=== ASSIGNMENT ===
Your copy should match the listing word for word, apart from the pictures, which are left out.

=== COLLECTED DATA ===

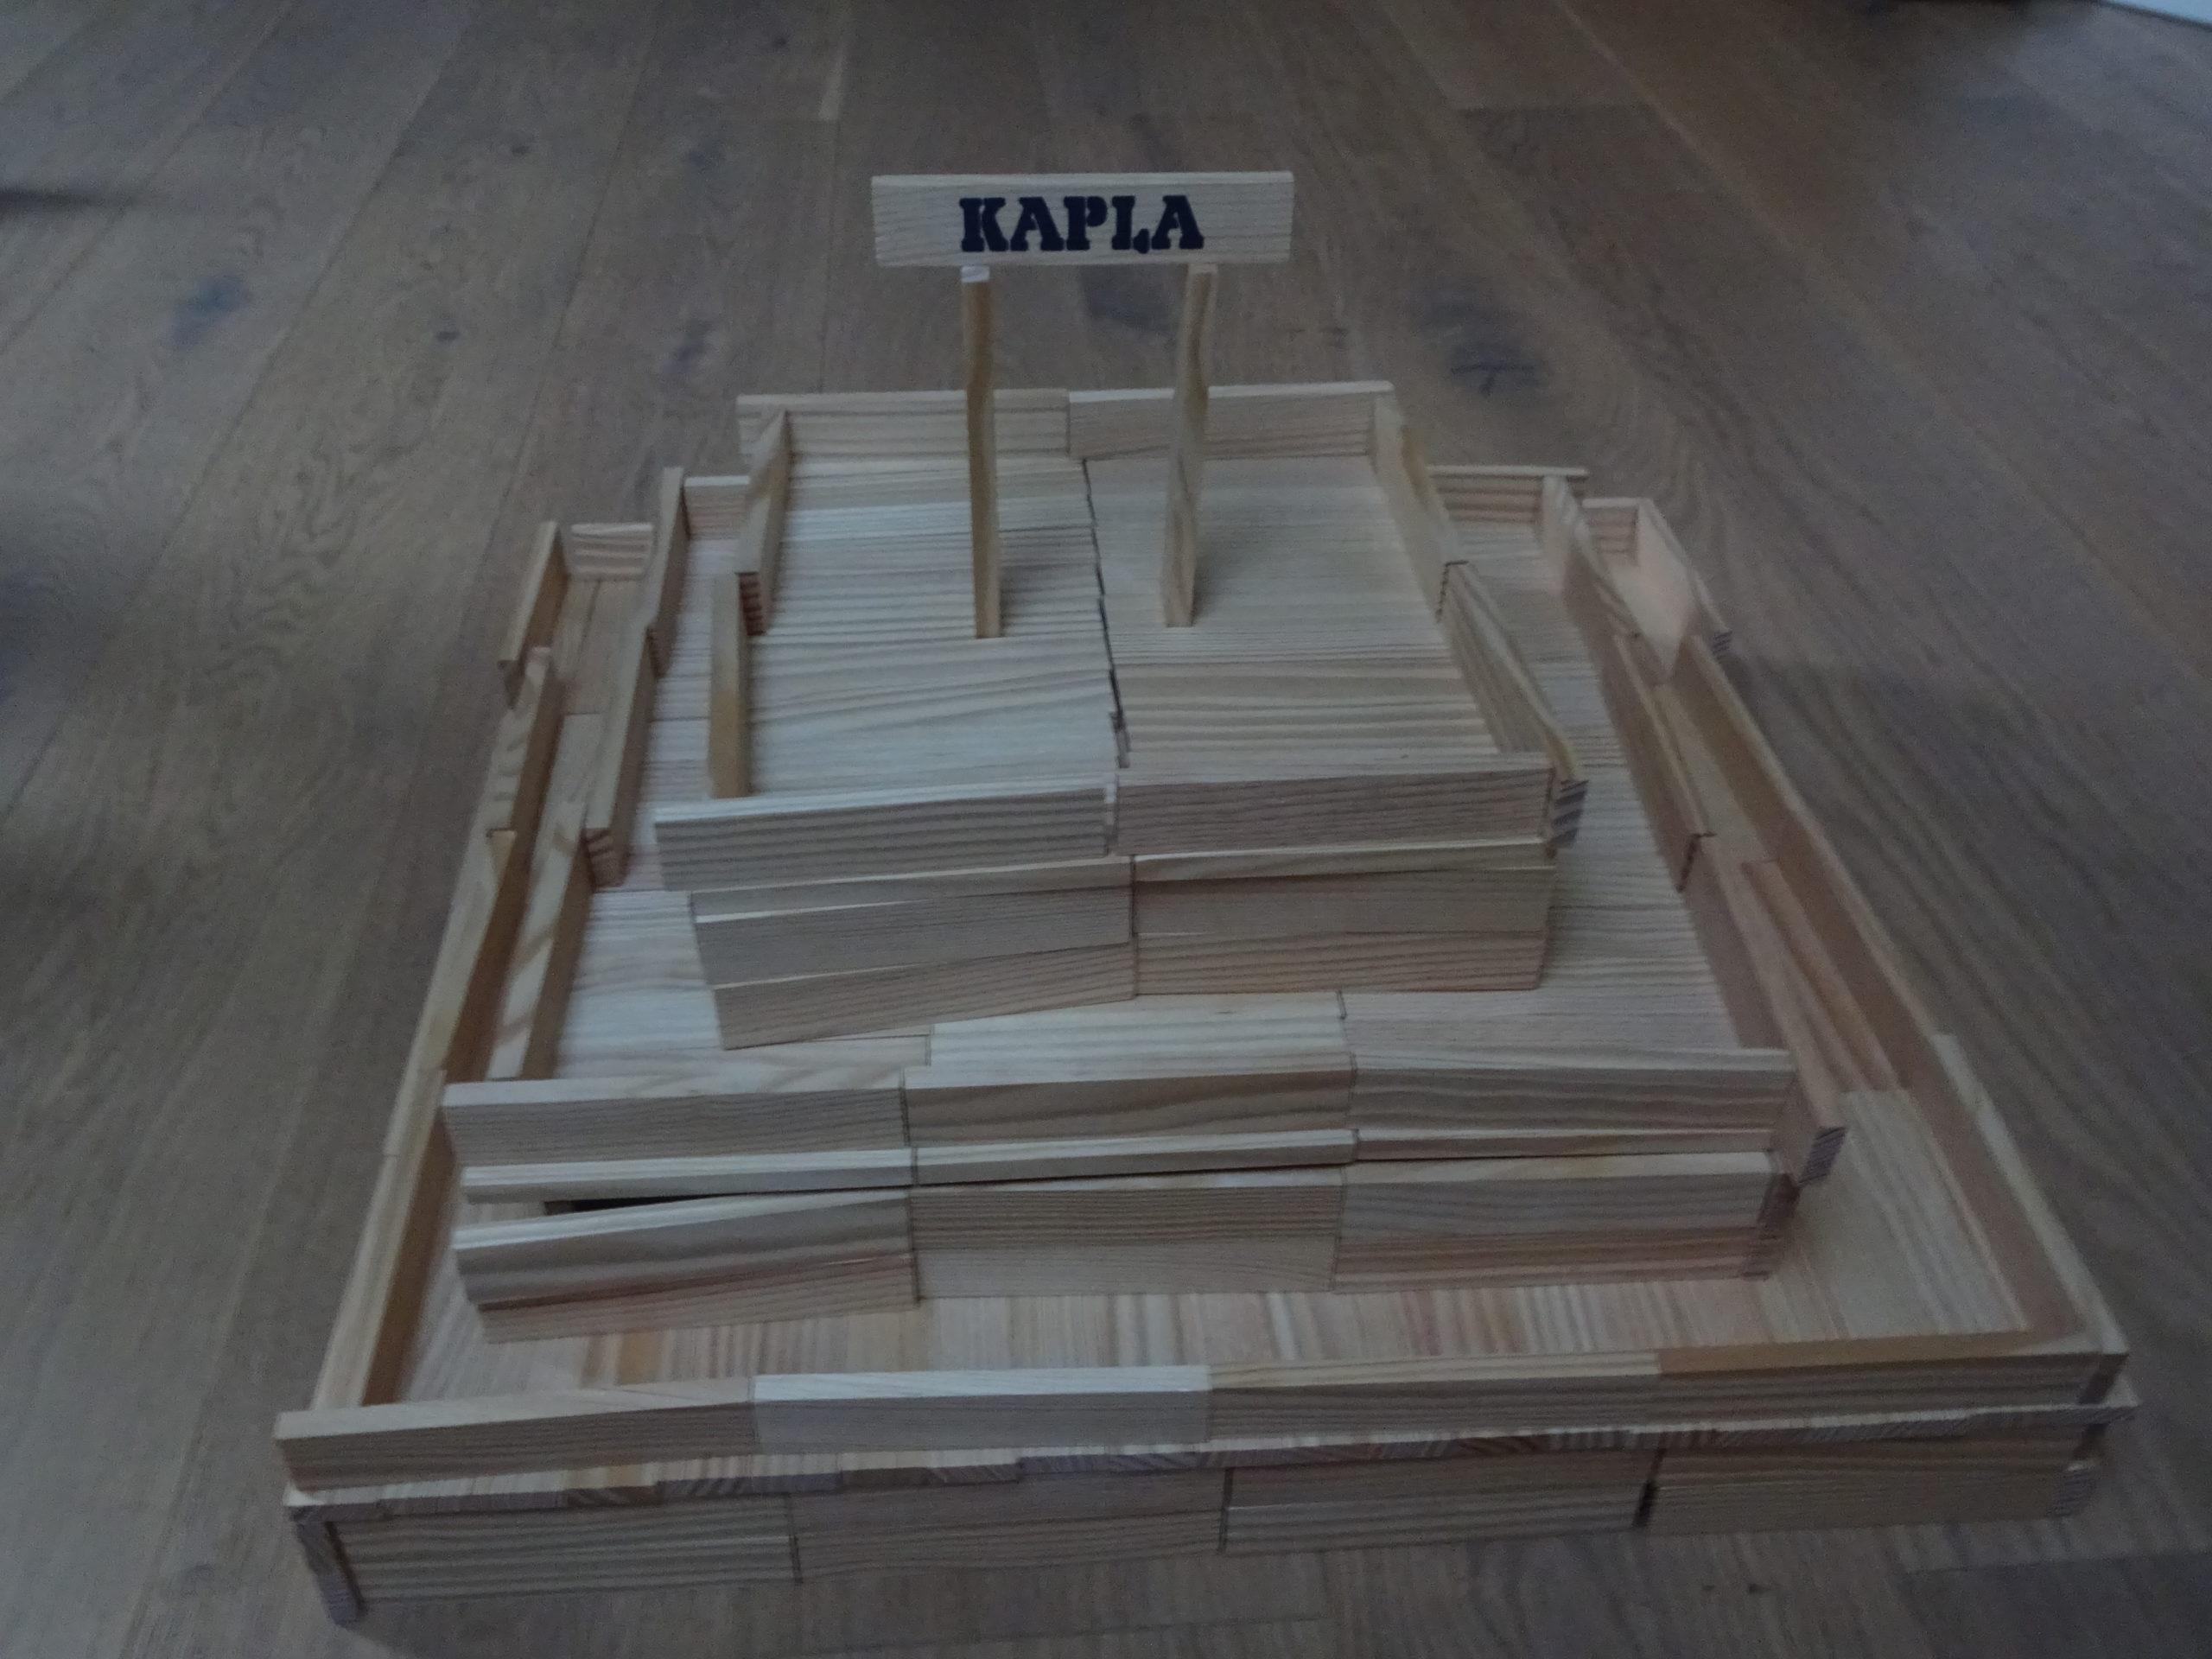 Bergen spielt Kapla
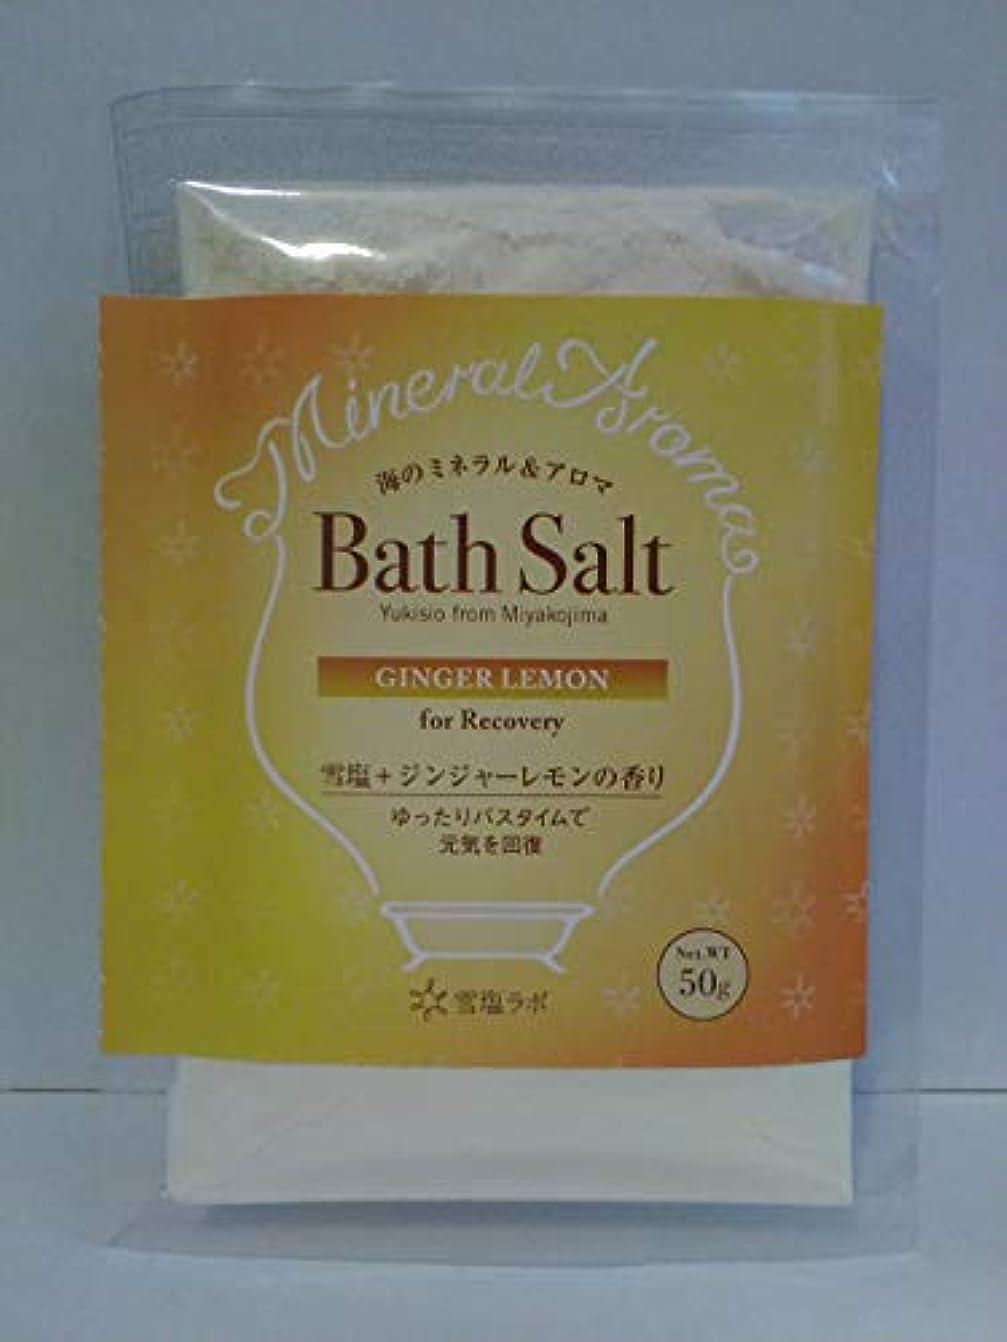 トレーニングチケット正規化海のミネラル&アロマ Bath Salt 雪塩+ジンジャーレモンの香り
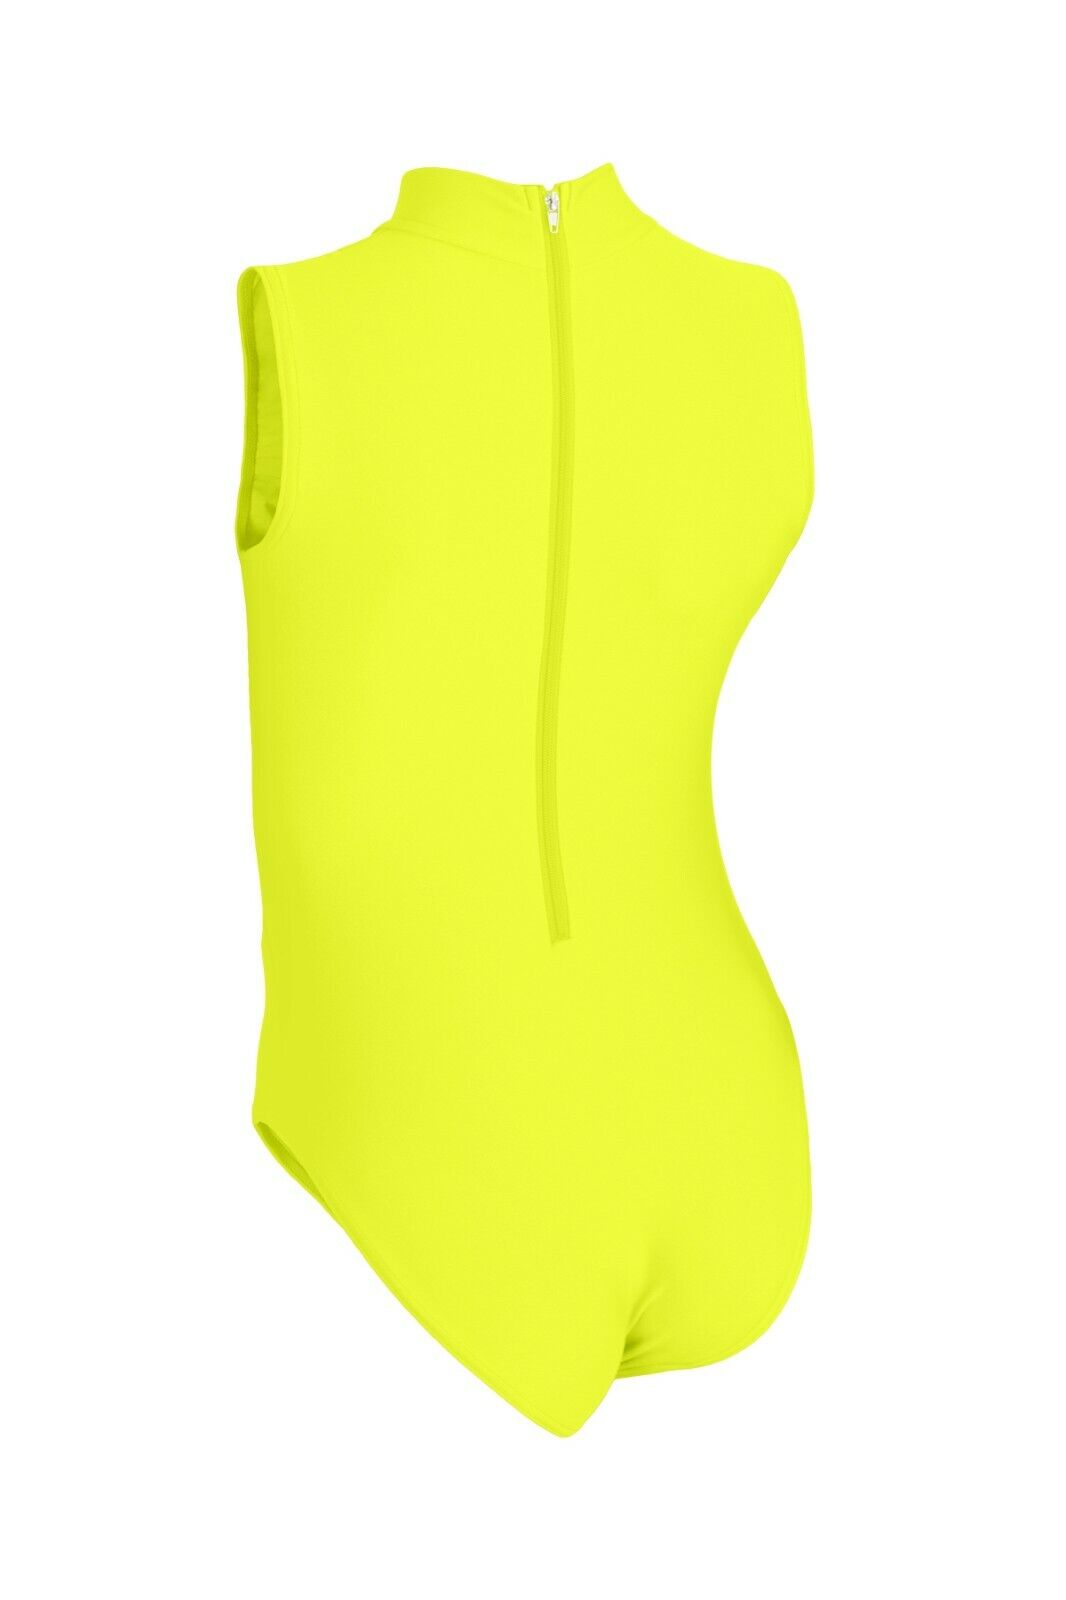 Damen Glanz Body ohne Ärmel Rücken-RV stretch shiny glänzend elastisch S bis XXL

=== SOLVED PROBLEM ===
 Bergen spielt Kapla
 トレーニングチケット正規化海のミネラル&アロマ Bath Salt 雪塩+ジンジャーレモンの香り
 Damen Glanz Body ohne Ärmel Rücken-RV stretch shiny glänzend elastisch S bis XXL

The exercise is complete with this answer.